* [PROBLEM DESCRIPTION] For the material below, the expected output is exactly the lines between the line holding "(Embassy of Hungary in Seoul)" and the line holding "Nasa Prandtl Flying", inclusive, with pictures left out.

* [DATA SUPPLIED]

+ + + +

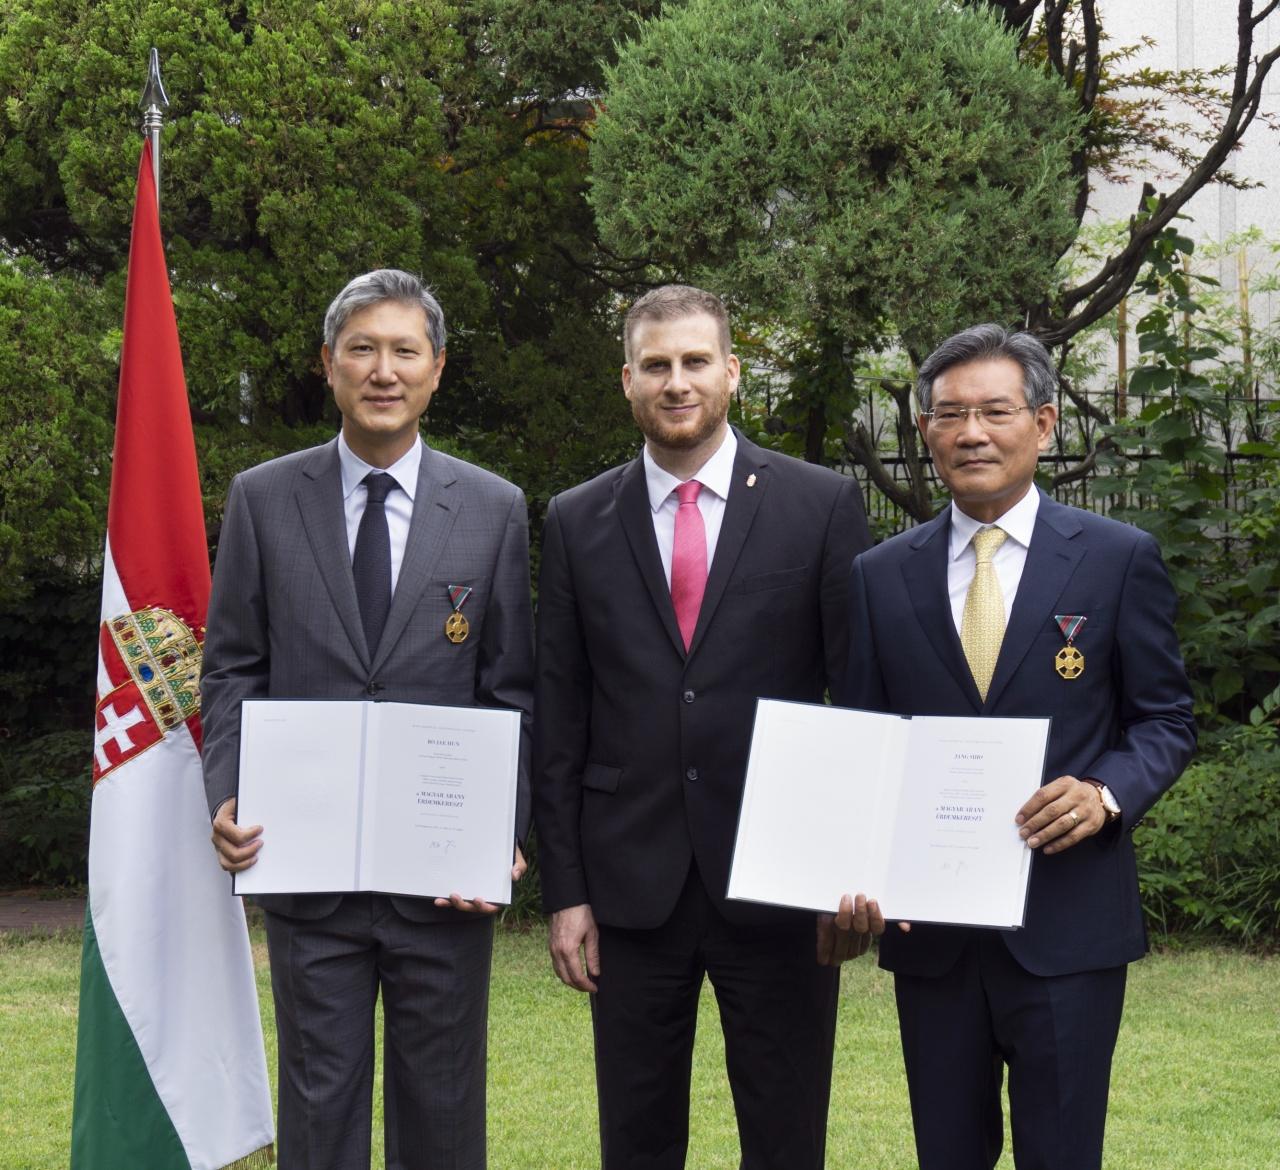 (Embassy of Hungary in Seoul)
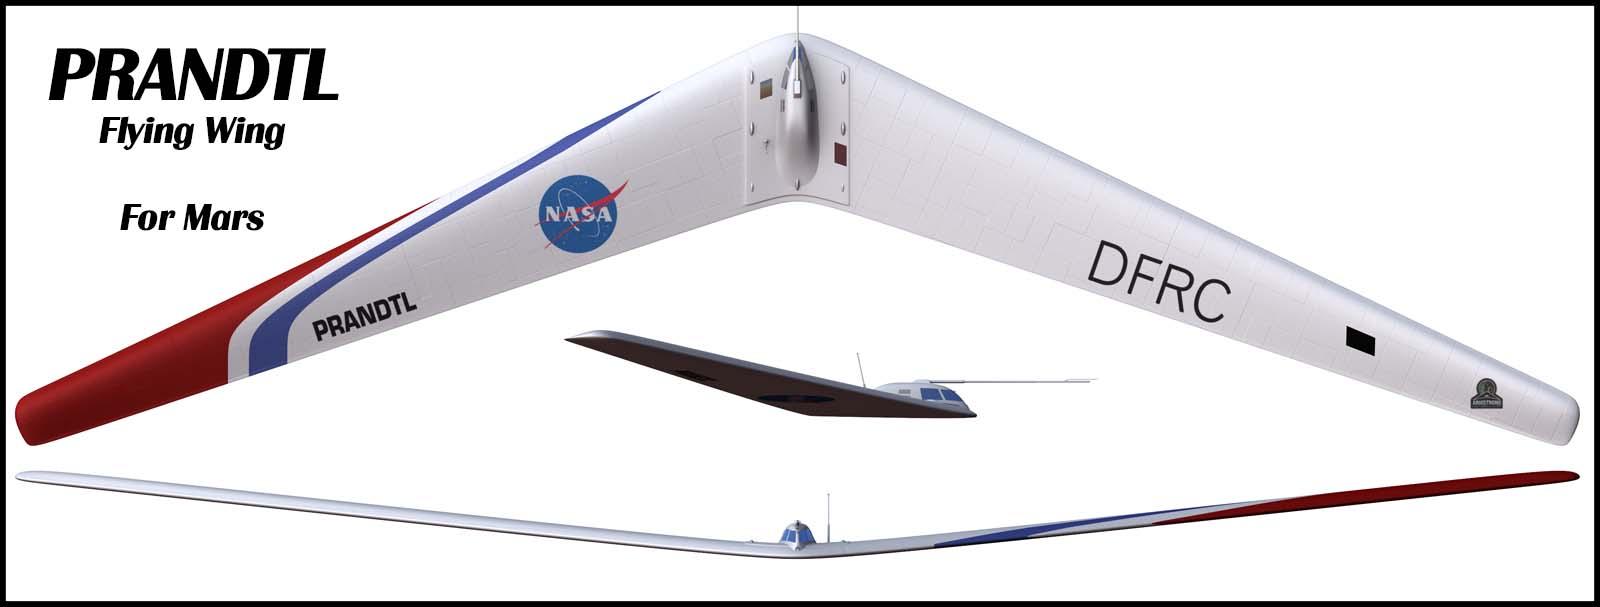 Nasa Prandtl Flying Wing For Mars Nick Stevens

+ + + +

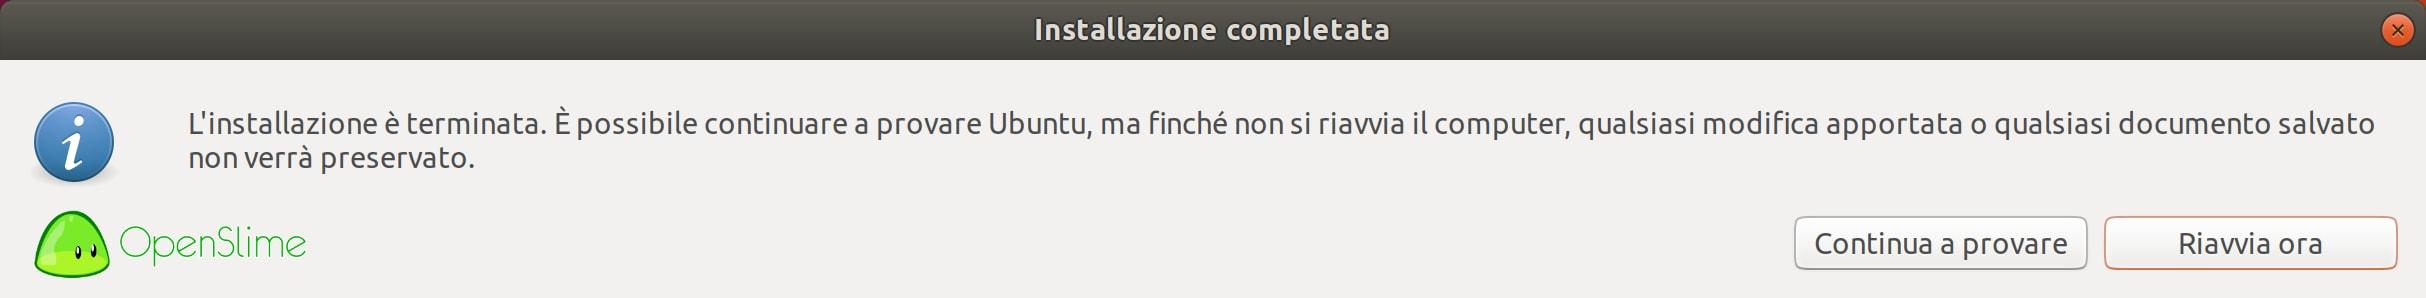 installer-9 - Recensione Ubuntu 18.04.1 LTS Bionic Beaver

+ + + +

* [REPLY]
 (Embassy of Hungary in Seoul)
 Nasa Prandtl Flying Wing For Mars Nick Stevens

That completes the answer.